Start of Data provided
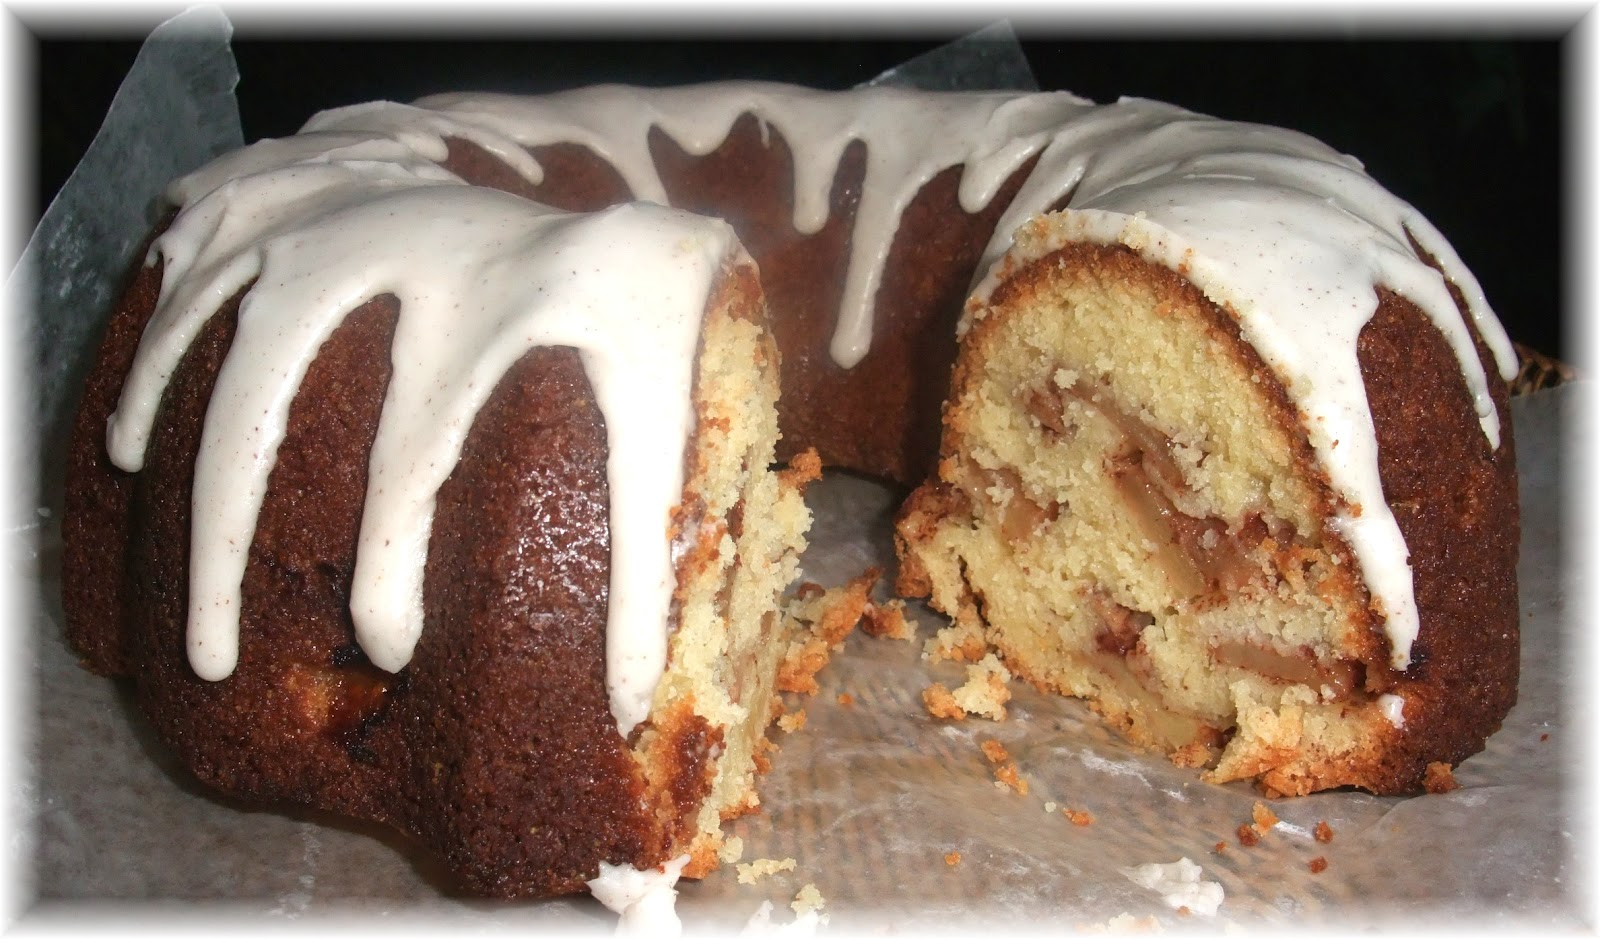 Gala Apple Bundt Cake
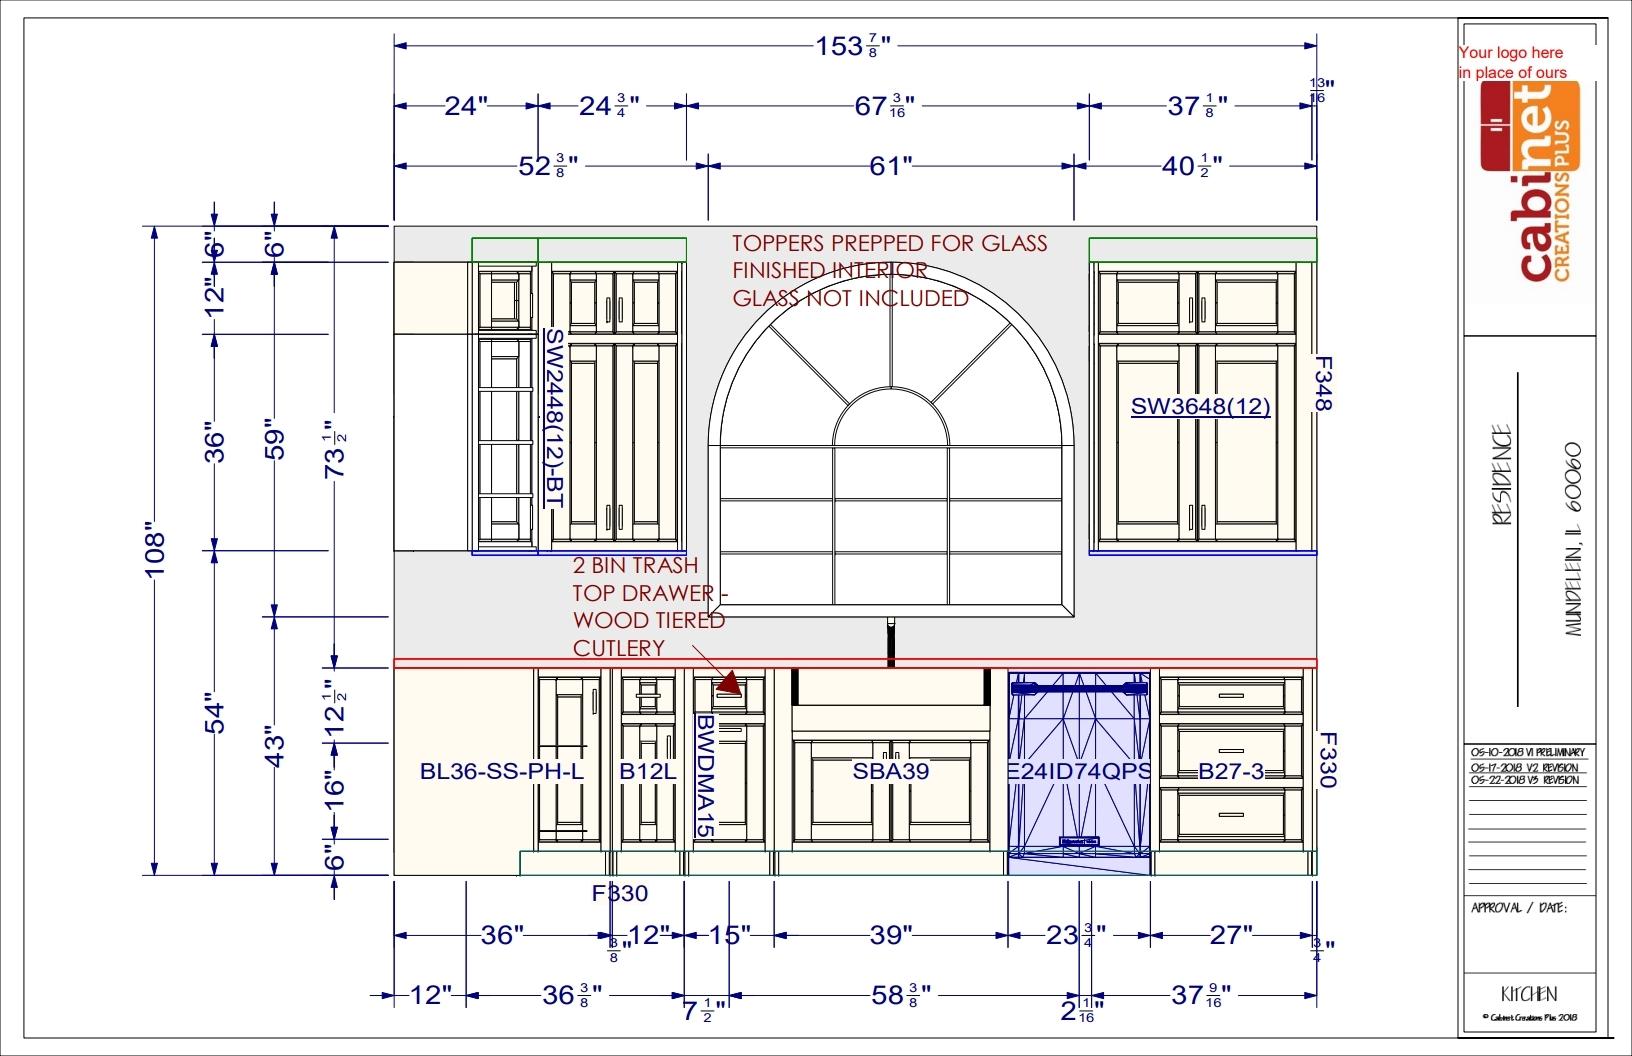 CABINET-CREATIONS-PLUS-SAMPLE-PLANS-Copy.pdf_page_08
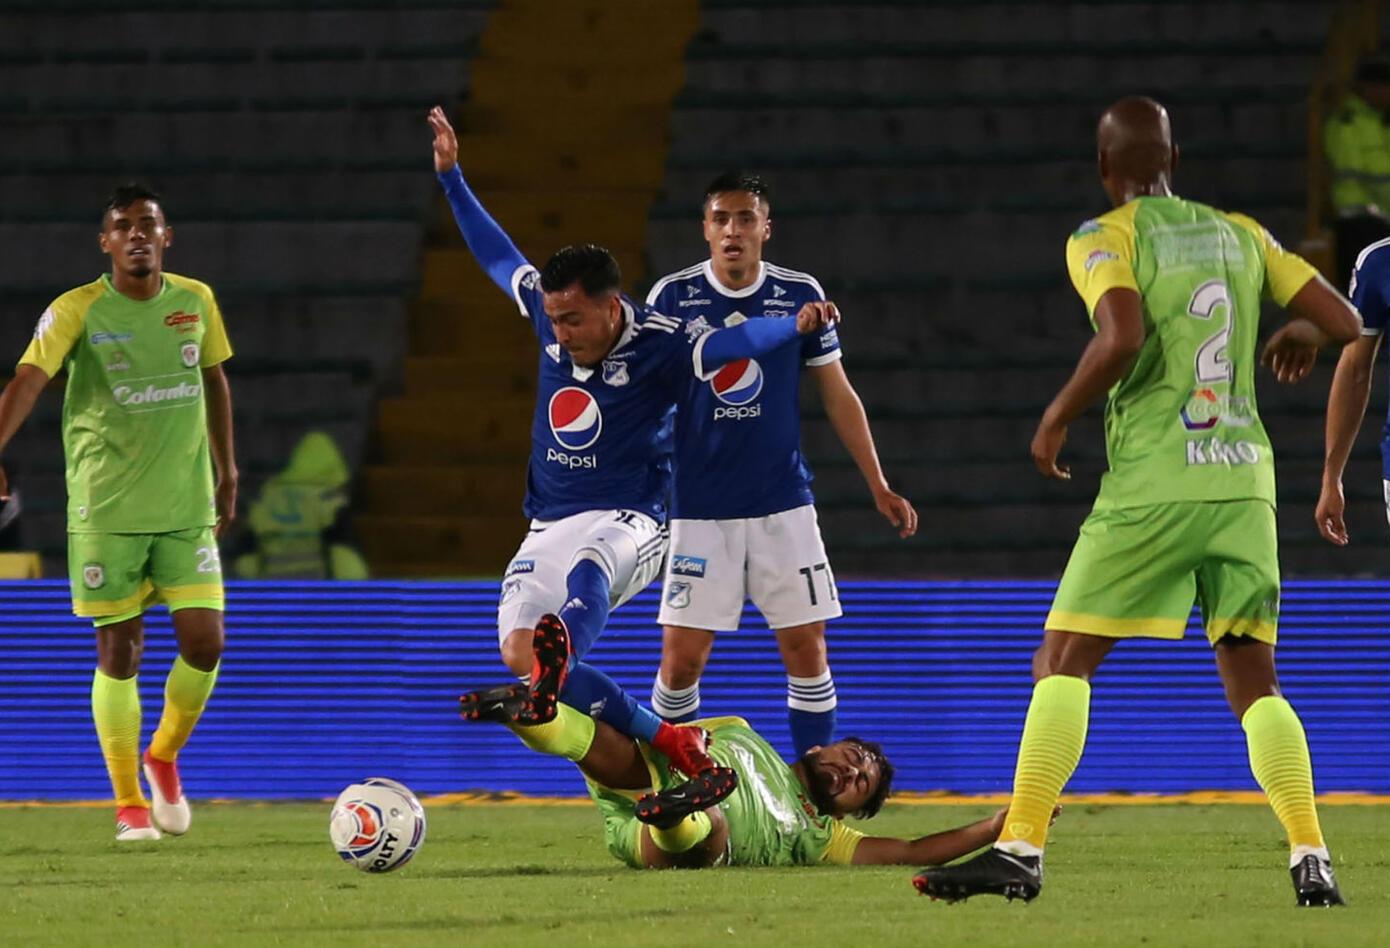 Millonarios vs Jaguares en el Campín
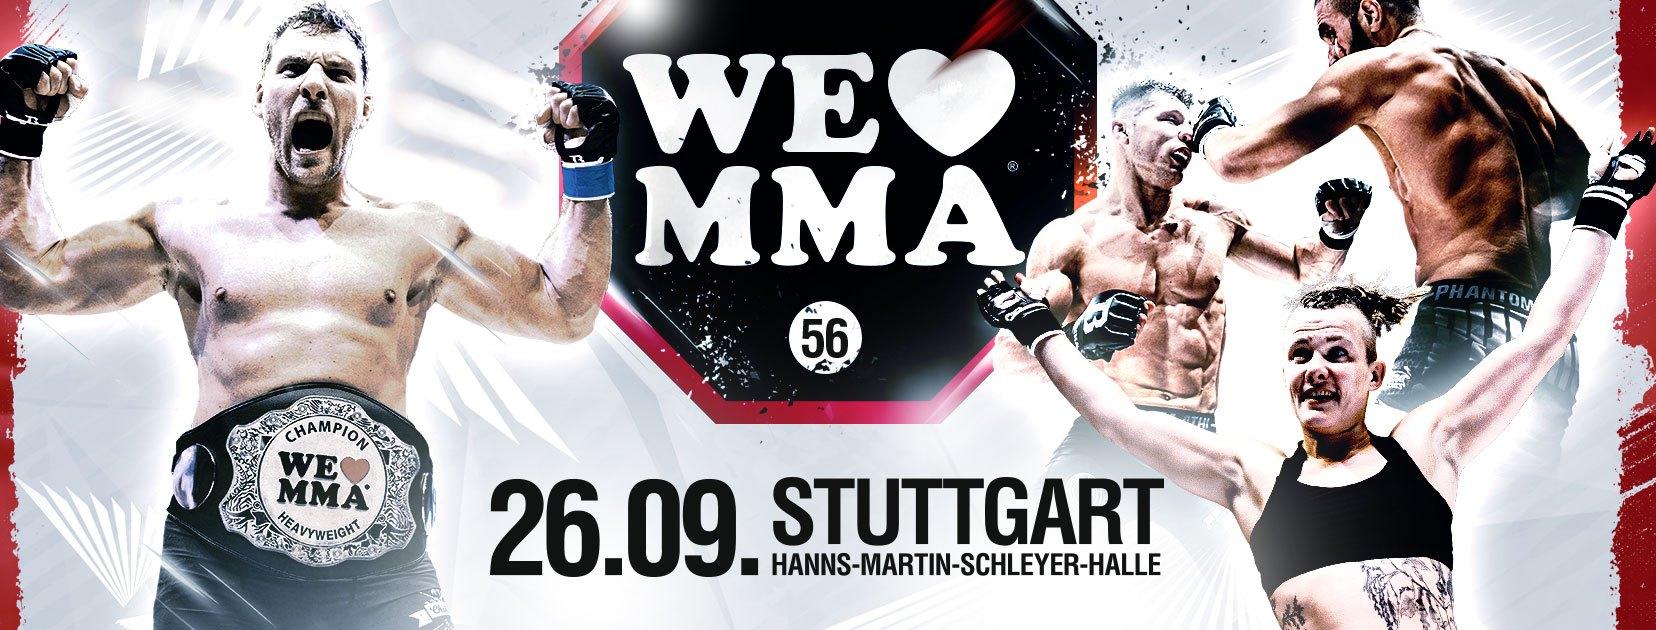 We Love Mma Stuttgart
End of Data provided
■ Requirement:
Across the whole listing above, repeat each line exactly and leave out the images.

■ Response to the exercise:
 Gala Apple Bundt Cake
 CABINET-CREATIONS-PLUS-SAMPLE-PLANS-Copy.pdf_page_08
 Millonarios vs Jaguares en el Campín
 We Love Mma Stuttgart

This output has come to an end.